Under orders from its troika of lenders - the International Monetary Fund, the European Union and the European Central Bank - Portugal has to make 4 billion euros in permanent savings between 2013 and 2015.

What was already a huge task for Prime Minister Pedro Passos Coelho is now even more complicated due to the court's ruling that measures singling out civil servants are unfair.

"The cuts have to be done. It will not be easy. The job will have to be thorough and well thought-out," said Rui Constantino, an economist at Santander in Lisbon.

The public sector wage bill and pensions make up 60 percent of state spending, but analysts expect the government to find cuts that pass muster with the court by taking the axe to areas such as health and education.

The question for the government - and for financial markets, which have so far taken the court ruling in their stride - is how the next slug of spending cuts will be judged in the court of public opinion.

Hundreds of thousands of Portuguese have taken part in two anti-austerity protests in recent months. The demonstrations were peaceful but the message was clear: people are getting fed up with ever-rising unemployment - 16.9 percent last quarter - and never-ending cutbacks.

"The country is in chaos. It has hit rock bottom. There is little the people can do," said pensioner Manuela Ferreira, 67.

The consensus among political analysts in Lisbon is that Coelho, who survived a no-confidence motion last week, will soldier on. But his room for manoeuvre is shrinking.

Jose Augusto Silva, 64, head of a neighbourhood association in northeast Lisbon, wishes his countrymen had more of a "culture of action" rather than passively accepting their fate.

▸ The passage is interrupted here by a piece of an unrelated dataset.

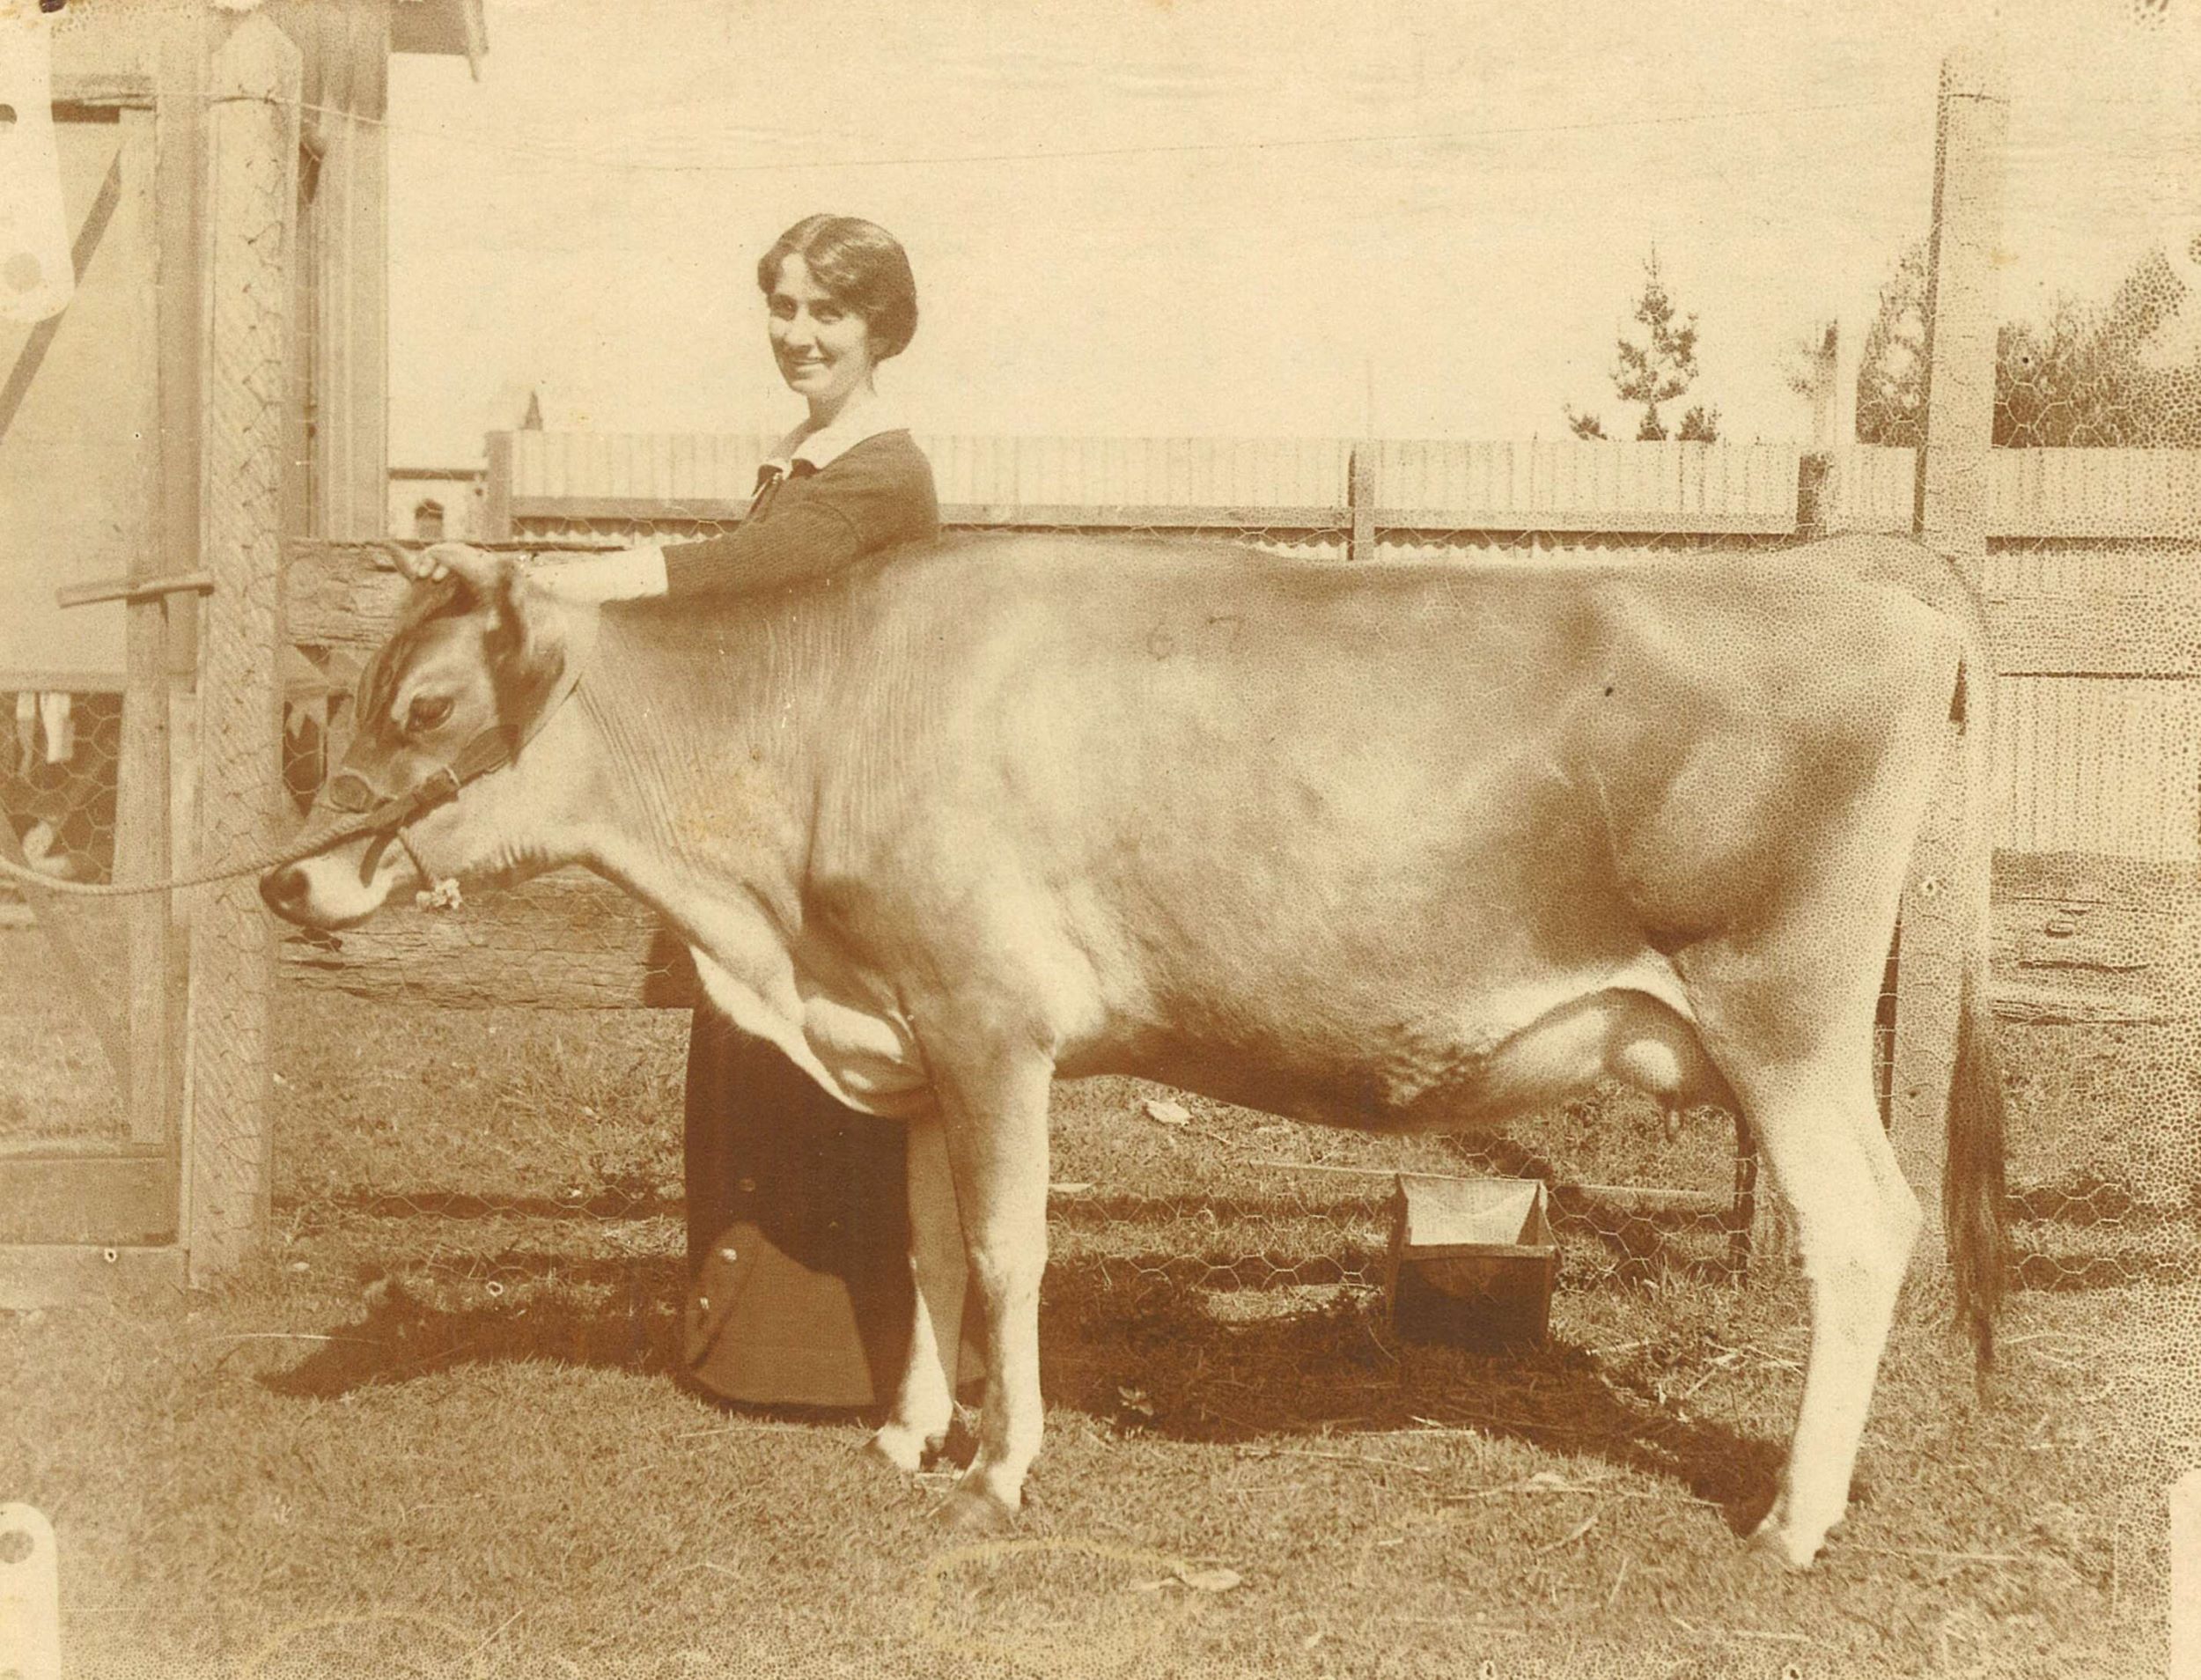 Woman stands beside a cow that is tied to a farm fence post

"The situation is very hard. There are many pensioners on 200-odd euros a month here and now their children and grandchildren are unemployed and come and ask their grandparents for money," he said.

Like many people in bailed-out countries on the euro zone periphery, Silva is critical of euro zone paymaster Germany for the harsh terms of Portugal's bailout.

"Germany ended up beating us not by war but by the force of money," Silva said.

HOSTAGE TO FORTUNE

At a meeting in Dublin starting on Friday, euro zone finance ministers are likely to agree in principle to give Portugal - and Ireland - more time to repay loans from Europe's bail-out funds.

Stretching out loan repayments will help in the medium term but will not address the immediate imperative of growth.

The economy shrank 3.2 percent in 2012 and the troika has pencilled in a further contraction of 2.3 percent this year.

Portugal hopes to regain full bond market access this year. But the unarticulated fear is that, without a return to vigorous growth, investors will baulk at the prospect that Portugal's debt, already 123 percent of GDP, will fail to stabilise.

Investment has fallen about 40 percent from its pre-crisis peak, while banks and households are paying down debt. With the public sector shrinking, the only bright spot has been exports.

Companies have done better than expected to diversify away from their home market, but exports need to be an ever-bigger driver of the economy, said Kathrin Muehlbronner, who covers Portugal for Moody's Investors Service.

Yet here too, Portugal is not master of its own fate.

"The export sector has to be the anchor to start a recovery, but for that you need a recovery in the wider euro zone and the global economy. That's very clear," she said.

Back in the waterless slums of Terras do Lelo, things are not looking up for Miguel Bemba da Silva. "We don't have work. Life is bad," the 43-year-old Zairean said.

Except da Silva does have work of sorts. He earns a few euros for hauling plastic jerrycans of water from a public fountain half a kilometre away.

"Water is what we miss," he said. "It's better to do this than going around thieving."